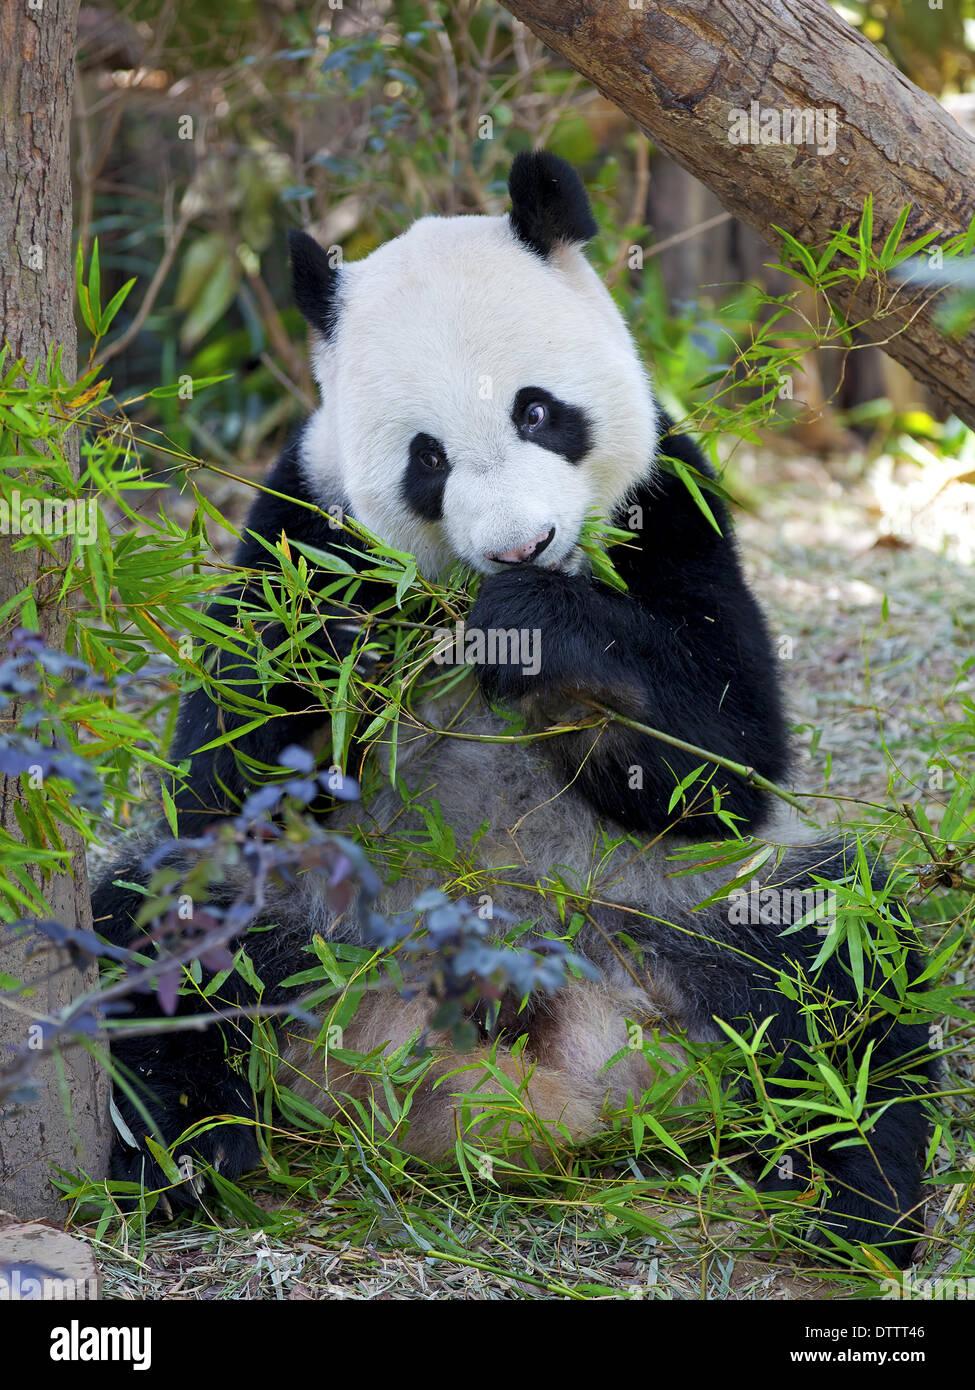 Giant Panda - Stock Image
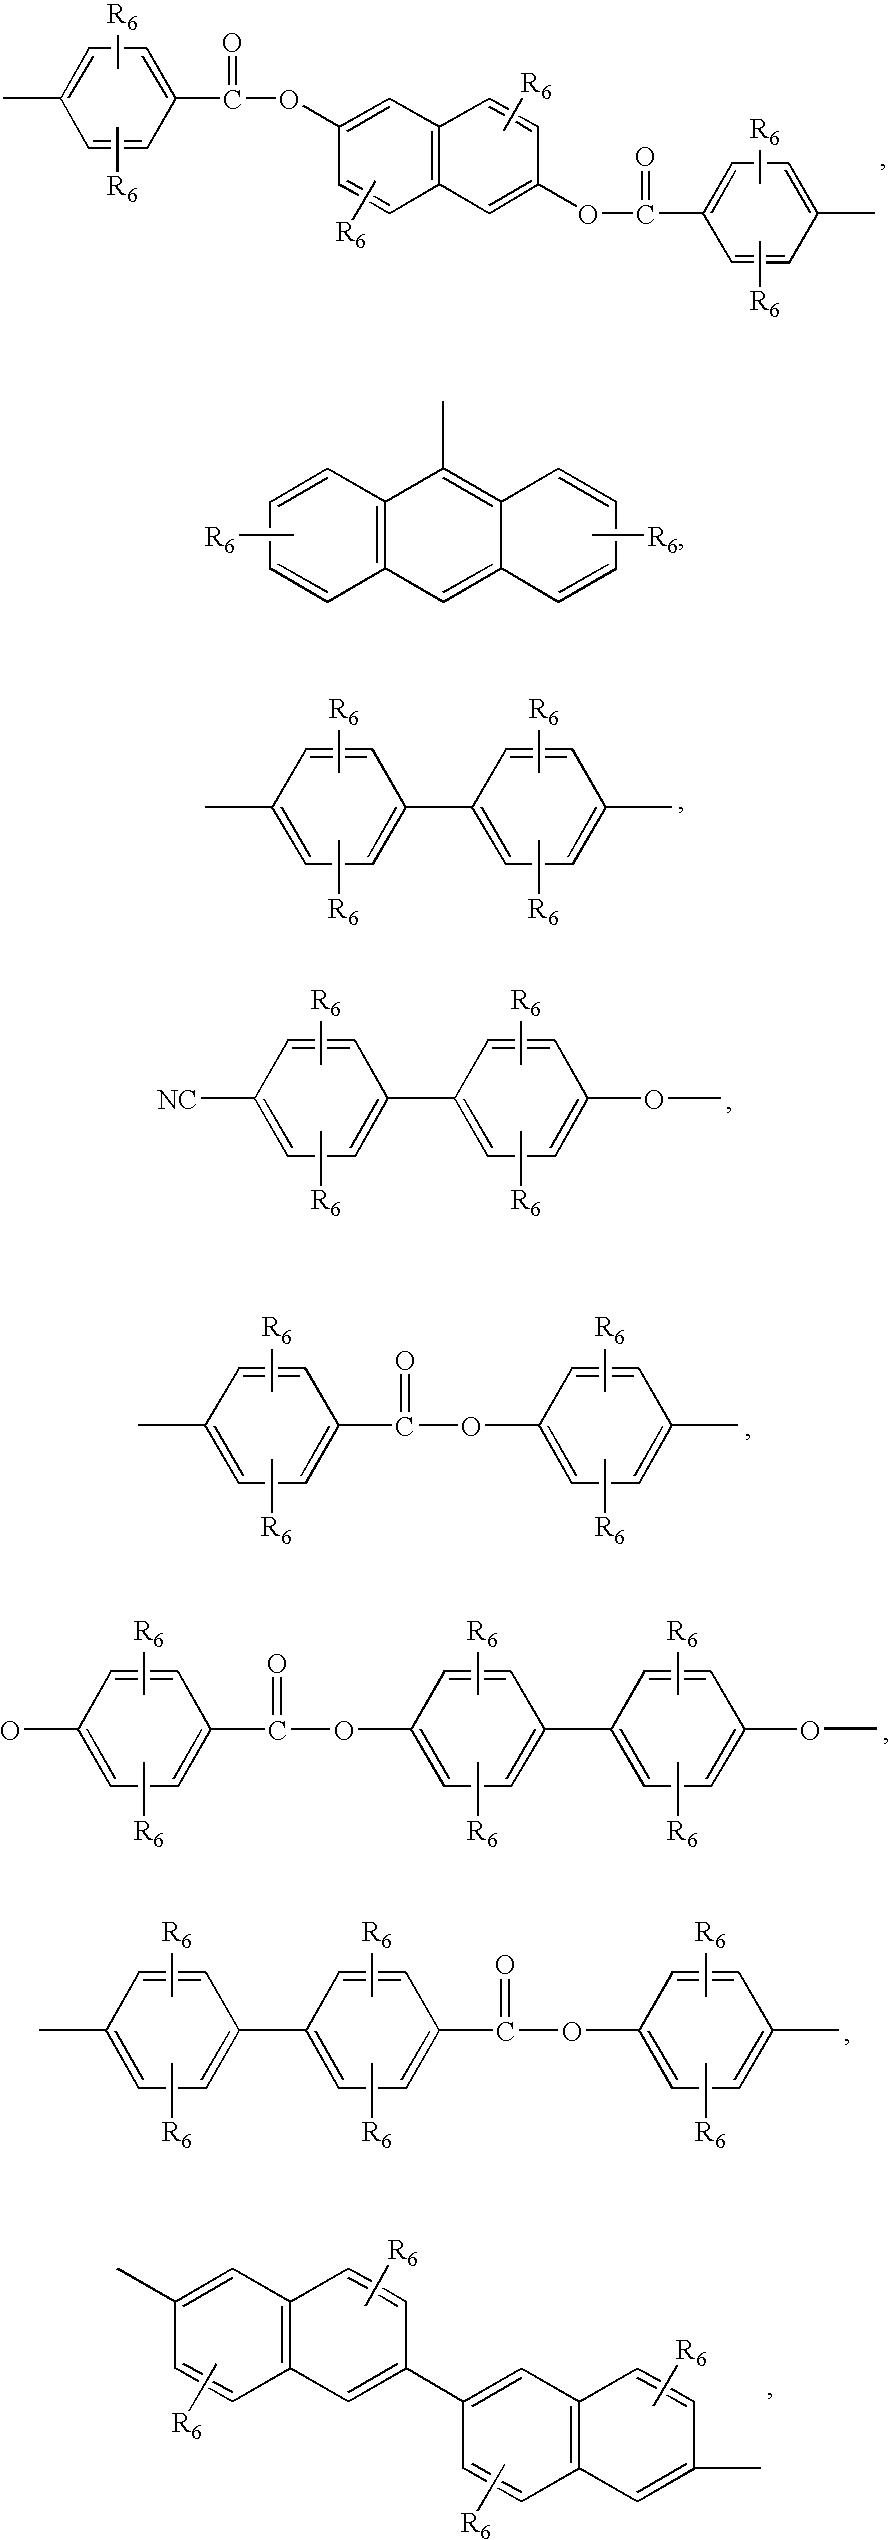 Figure US20090069533A1-20090312-C00028
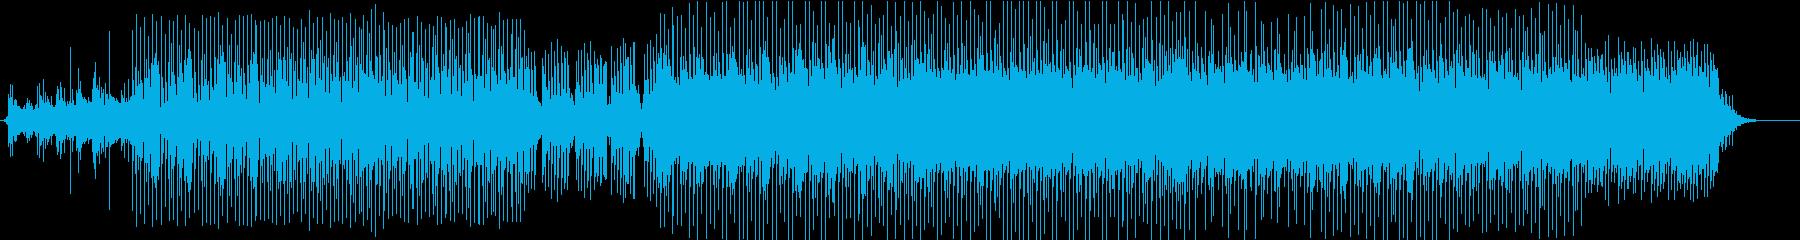 ★ディープでお洒落なクラブ(深海)の再生済みの波形

────

* [Exercise aim]
Find the line that contains "Figure US20090069533A1-20090312-C00028" and repeat it, along with every line after it to the end of the data, exactly; drop the pictures.

* [Written solution]
 Figure US20090069533A1-20090312-C00028
 ★ディープでお洒落なクラブ(深海)の再生済みの波形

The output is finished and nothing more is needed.